*** Opening of Data section ***

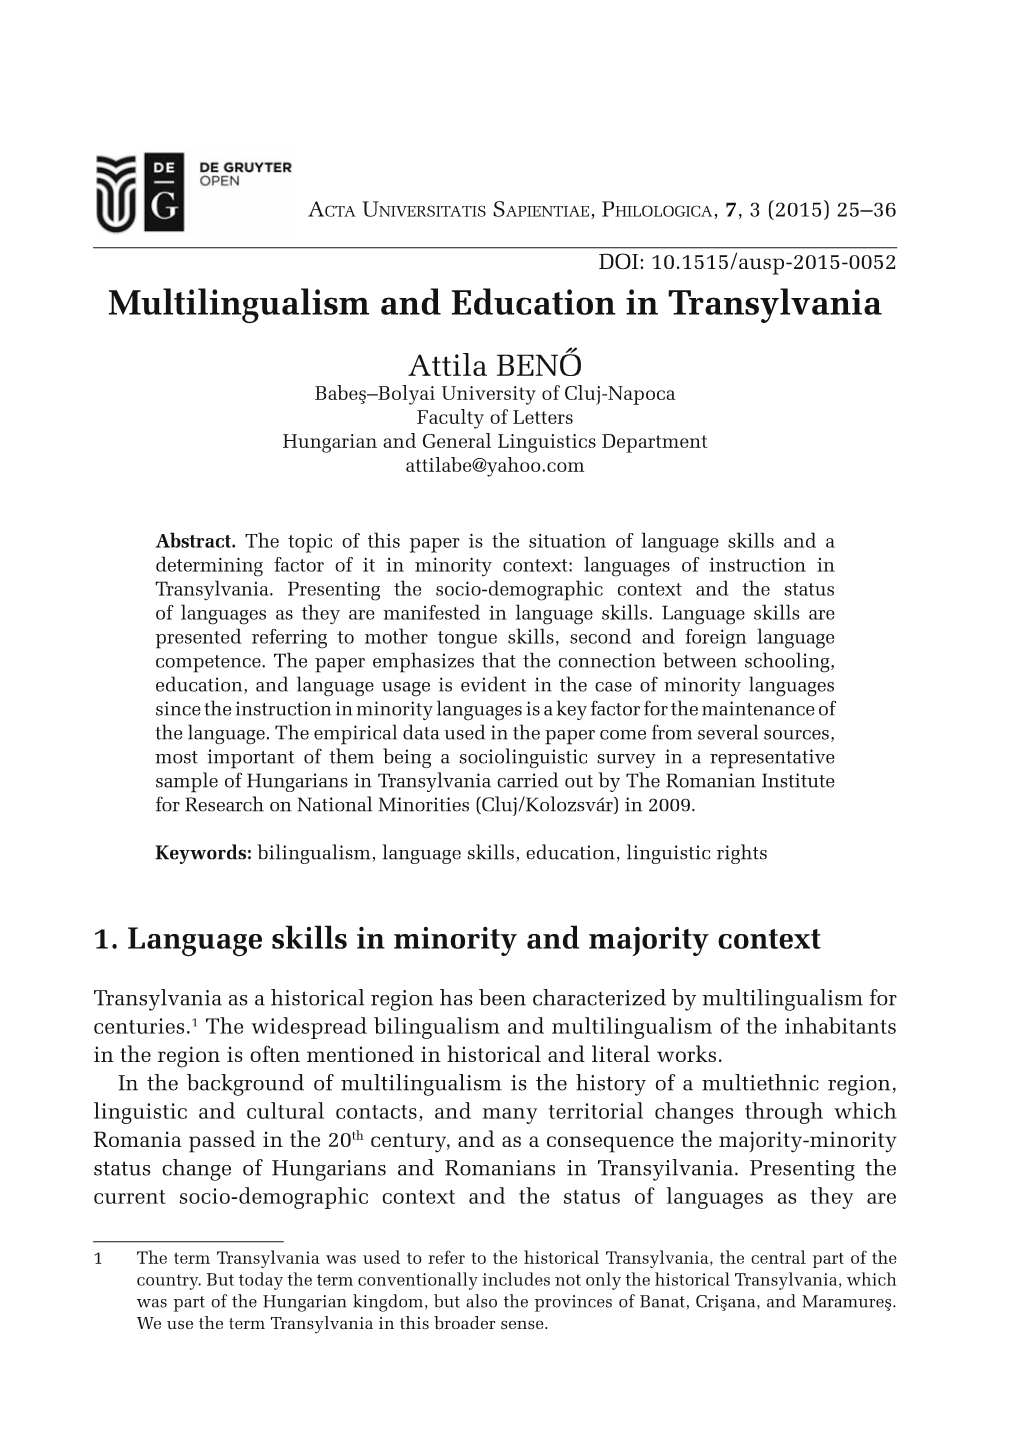 Multilingualism and Education in Transylvania
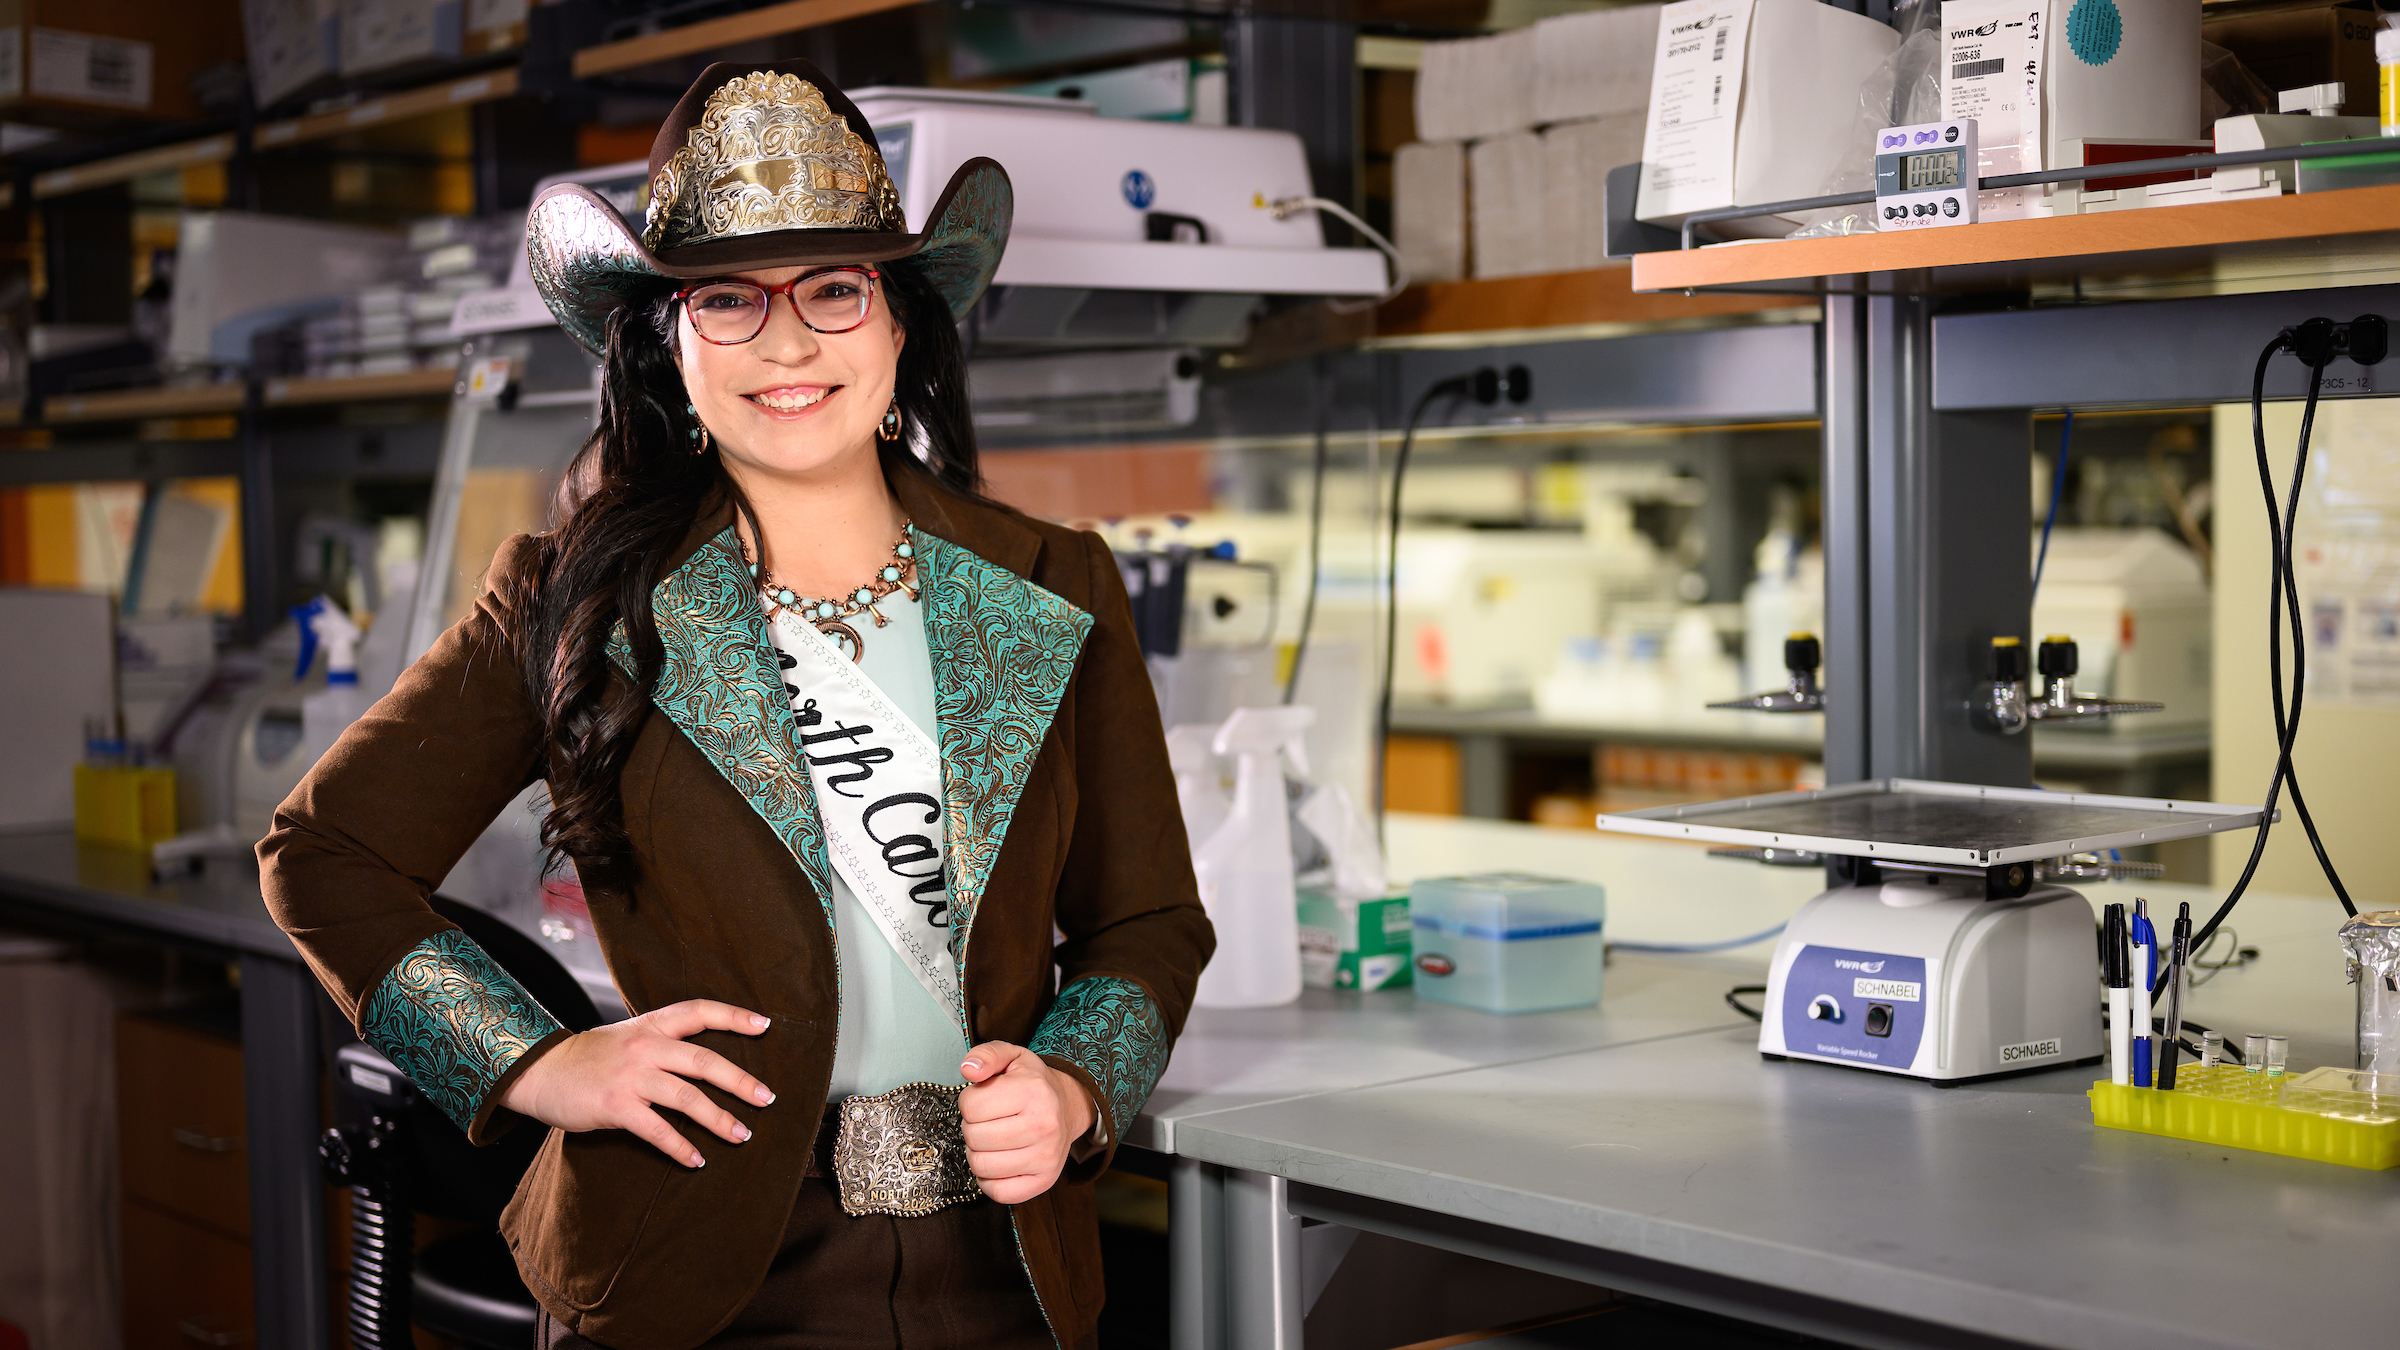 Miss Rodeo North Carolina, Rachel Gagliardi, poses in a laboratory. She has long, dark hair and glasses and is wearing a cowboy hat, a pageant sash and a brown and turquoise jacket.
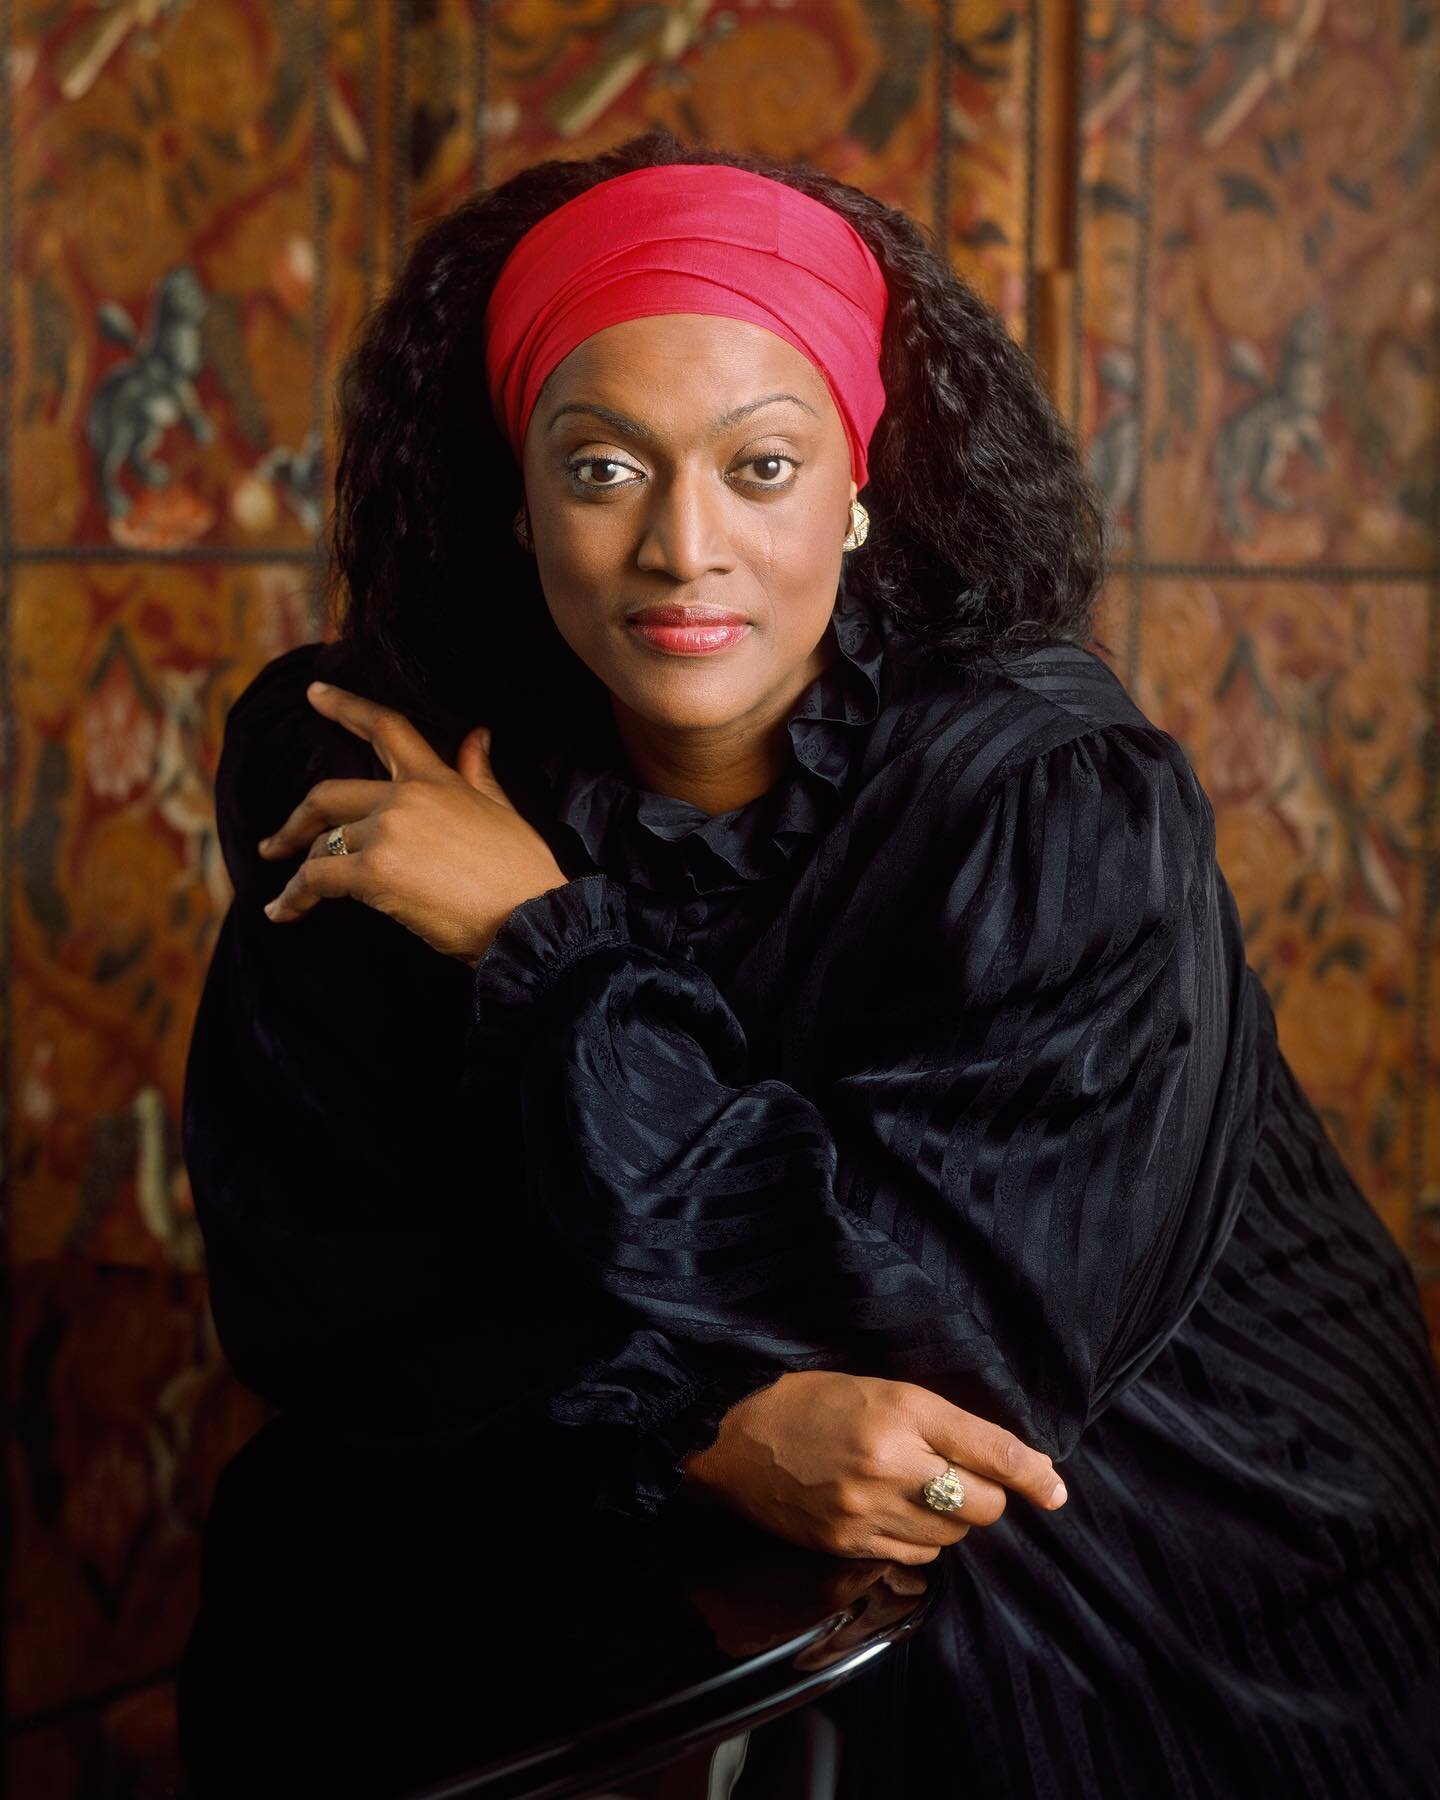 Today, we remember trailblazing soprano Jessye Norman on what would have been her 77th birthday. With a prolific performance career that spanned the Baroque to the contemporary, Norman captivated audiences with her commanding stage presence and her s
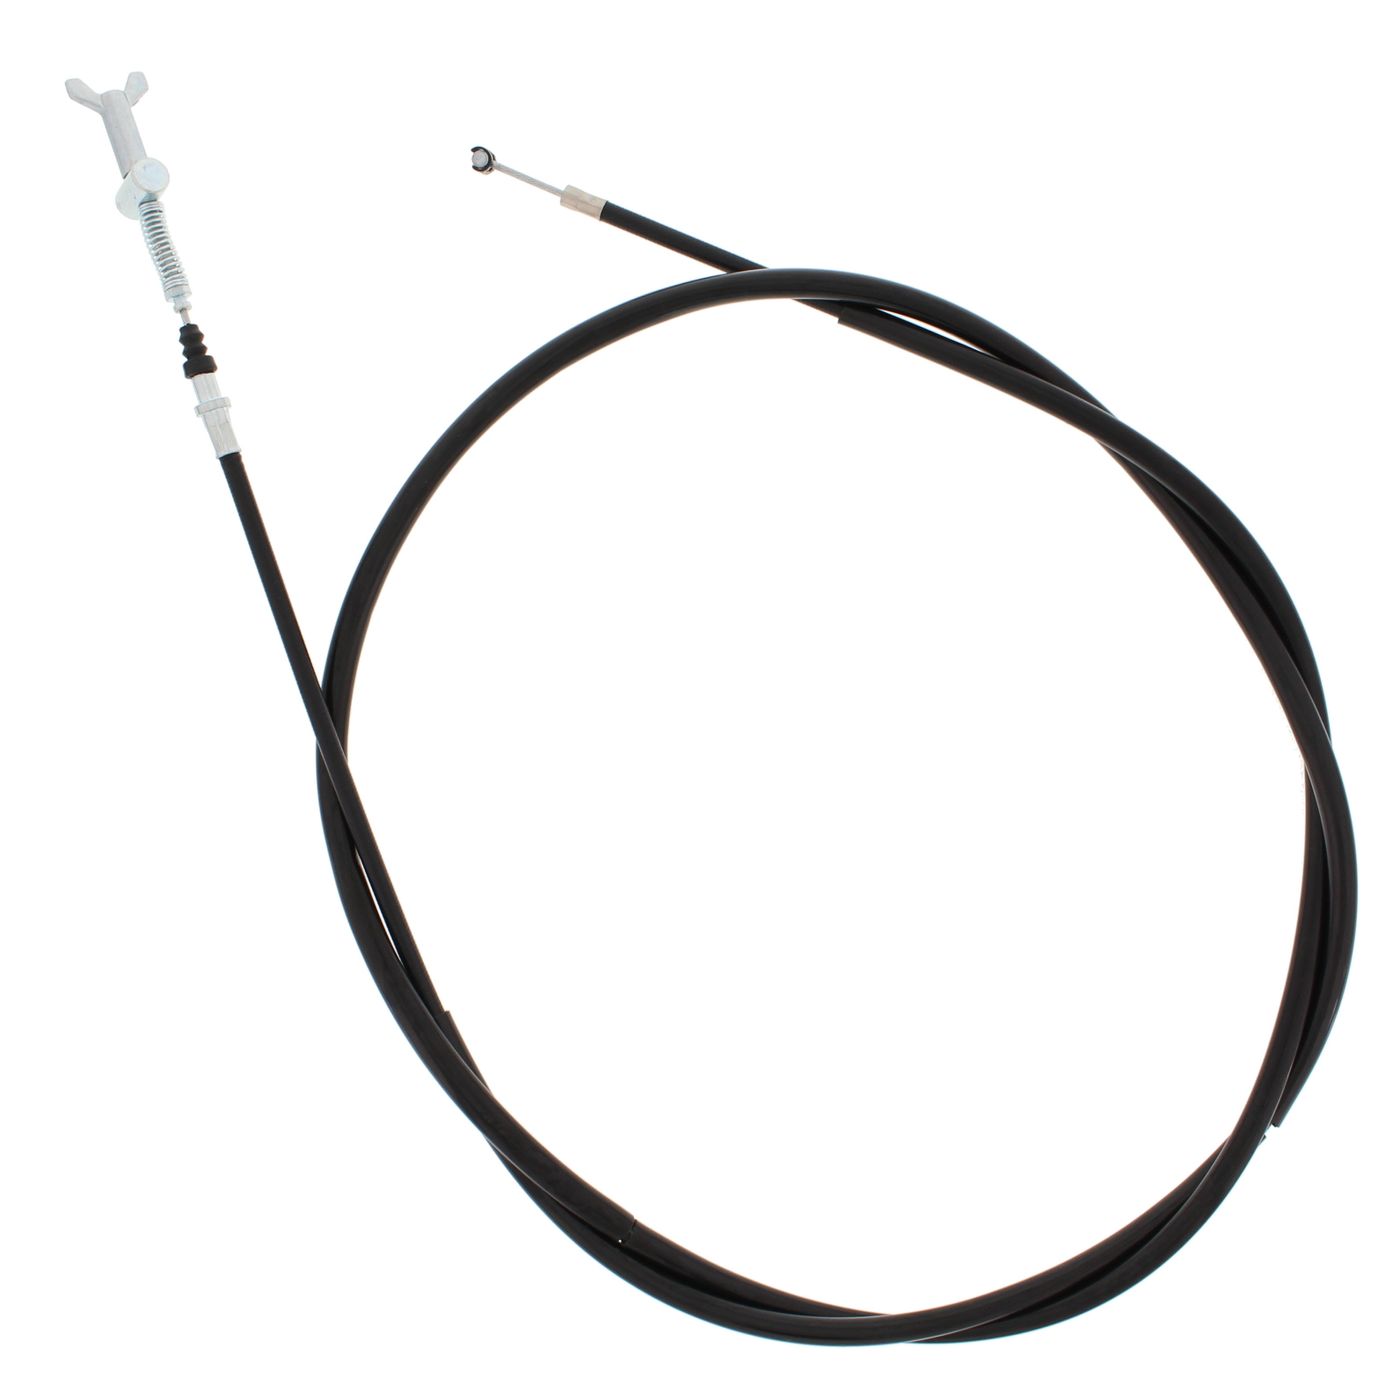 Wrp Brake Cables - WRP454064 image

*** Close of Data section ***

[Exercise]
When you reach a picture, pass over it; write out all other material exactly.

[Task output]
 Multilingualism and Education in Transylvania
 Miss Rodeo North Carolina, Rachel Gagliardi, poses in a laboratory. She has long, dark hair and glasses and is wearing a cowboy hat, a pageant sash and a brown and turquoise jacket.
 Today, we remember trailblazing soprano Jessye Norman on what would have been her 77th birthday. With a prolific performance career that spanned the Baroque to the contemporary, Norman captivated audiences with her commanding stage presence and her s
 Wrp Brake Cables - WRP454064 image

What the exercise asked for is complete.